The radiation (Hawking radiation) emitted by a black hole is not actually derived from the matter falling into it. That matter only imparts momentum to the black hole, but otherwise all "informational" content of it is utterly annihilated or lost (what happens to this "information" is one of the abiding mysteries of black holes).
Hawking radiation has a slightly more exotic origin. It derives from the "virtual particles" that are constantly popping into and out of existence in the vacuum of space (giving rise to the so-called zero-point energy of a vacuum). These particles are "allowed" into existance owing to the uncertainty principle of quantum mechanics. So long as their existance is brief enough, they do not violate any laws. Their energy is allowed to be conjured out of nothing because of its inherent uncertainty in accordance with the Heisenberg principle of quantum mechanics. And their charge and mass is zero since they are always produced in pairs (a particle and an anti-particle).
The vacuum is thought to be a seething mass of such virtual particles constantly popping into and out of existance. In fact, the Casimir effect seems to prove the reality of such particles (but that's another story).
Anyhooooo... since these virtual pairs are appearing constantly everywhere, they are also appearing in the region of a black holes. Imagine such a pair appearing at the event horizon. Whereas they would normally exist for a tiny fraction of a second before recombining and popping back out of existance, what now happens is that one of the pair can become trapped within the event horizon, the other remaining outside. The one that remains outside is a particle of Hawking radiation. It is this which is detected as an 'evaporation' of the black hole.
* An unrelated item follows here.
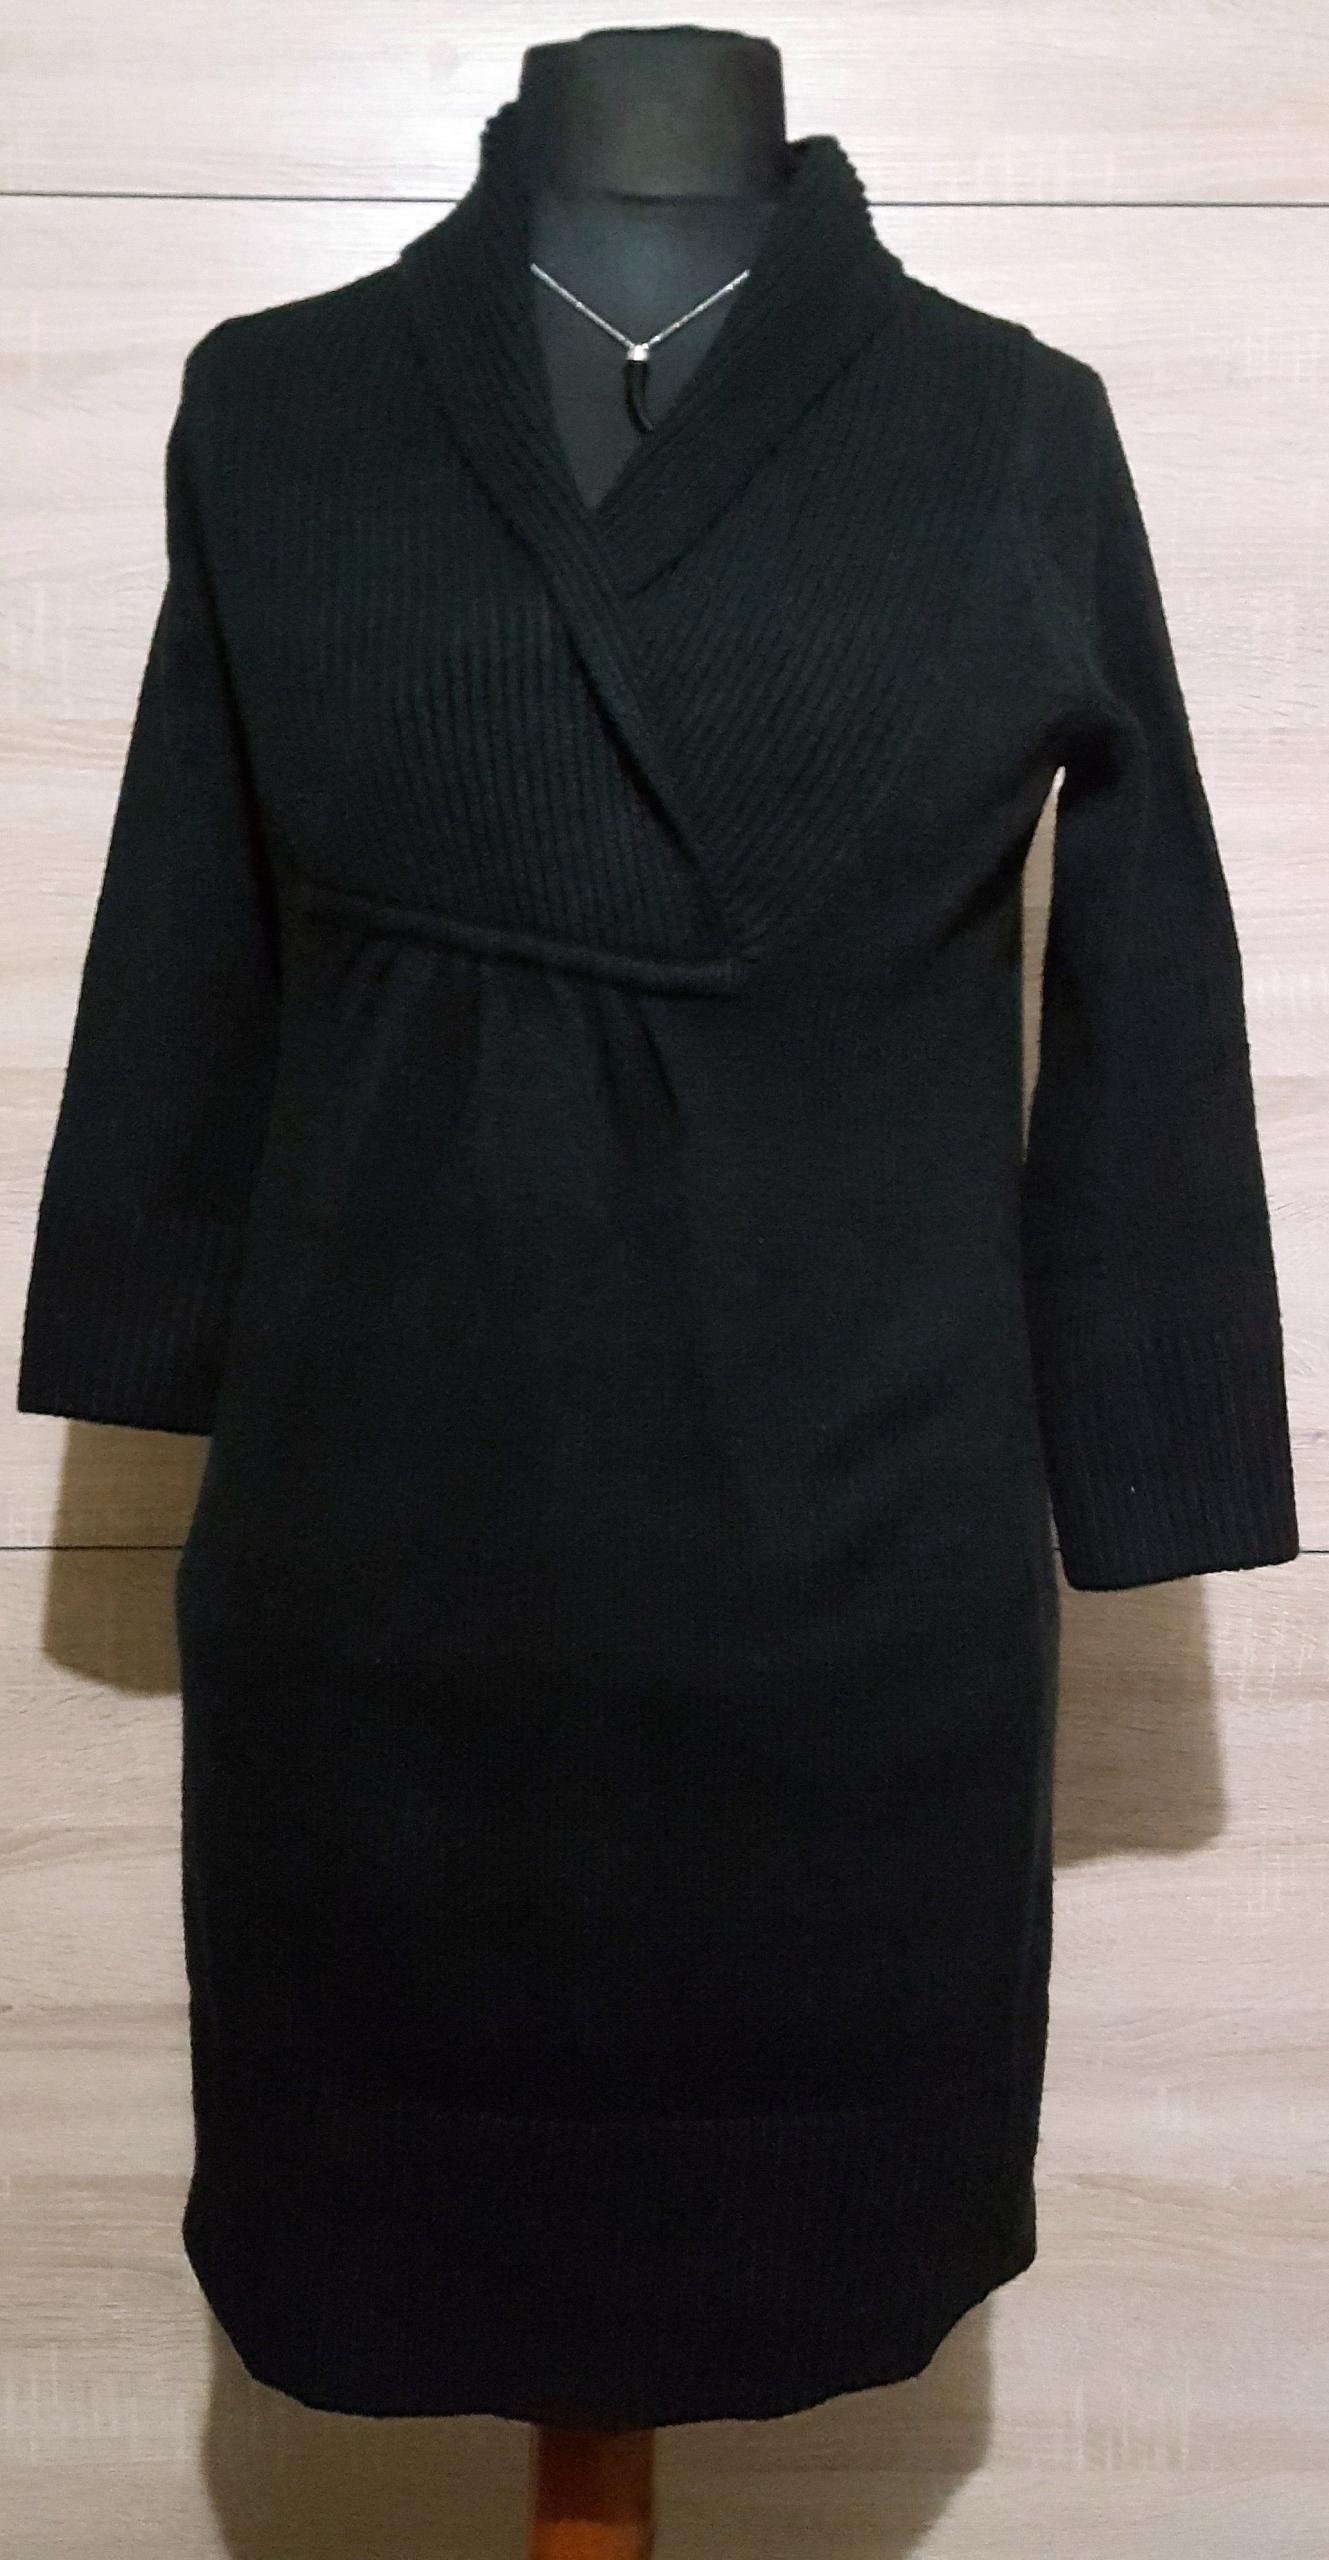 Sweterek damski długi H&M rozmiar M.

Interestingly, the rate of 'emission' increases over time. This leads to a runaway effect that in the final moments manifests as an apparent "explosion" of the black hole. I am not aware of any other theories of explosion.
On the Einstein thing - black-holes (i.e. the concept that something may so warp space/time that nothing - not even light - could escape) are predicted by his own theory of general relativity. I expect that what worried him most was the singularity issue - that something in the physical universe could have infinite density.
Personally I believe that this is indeed impossible, and the resolution to the issue lies in the fact that the black hole does not exist in our normal universe. It exists in a shrinking bubble of space/time. From that bubble's frame of reference, time is passing normally, with matter shrinking steadily and achieving steadily higher densities. This persists for ever. In that frame of reference, infinite density would only be achieved after an infinite amount of time.
But from our frame of reference outside the event-horizon, all of this - this eternity of shrinking - seems to take place in a finite space of time. So we appear to have the paradoxical situation of an infinitely dense body existing.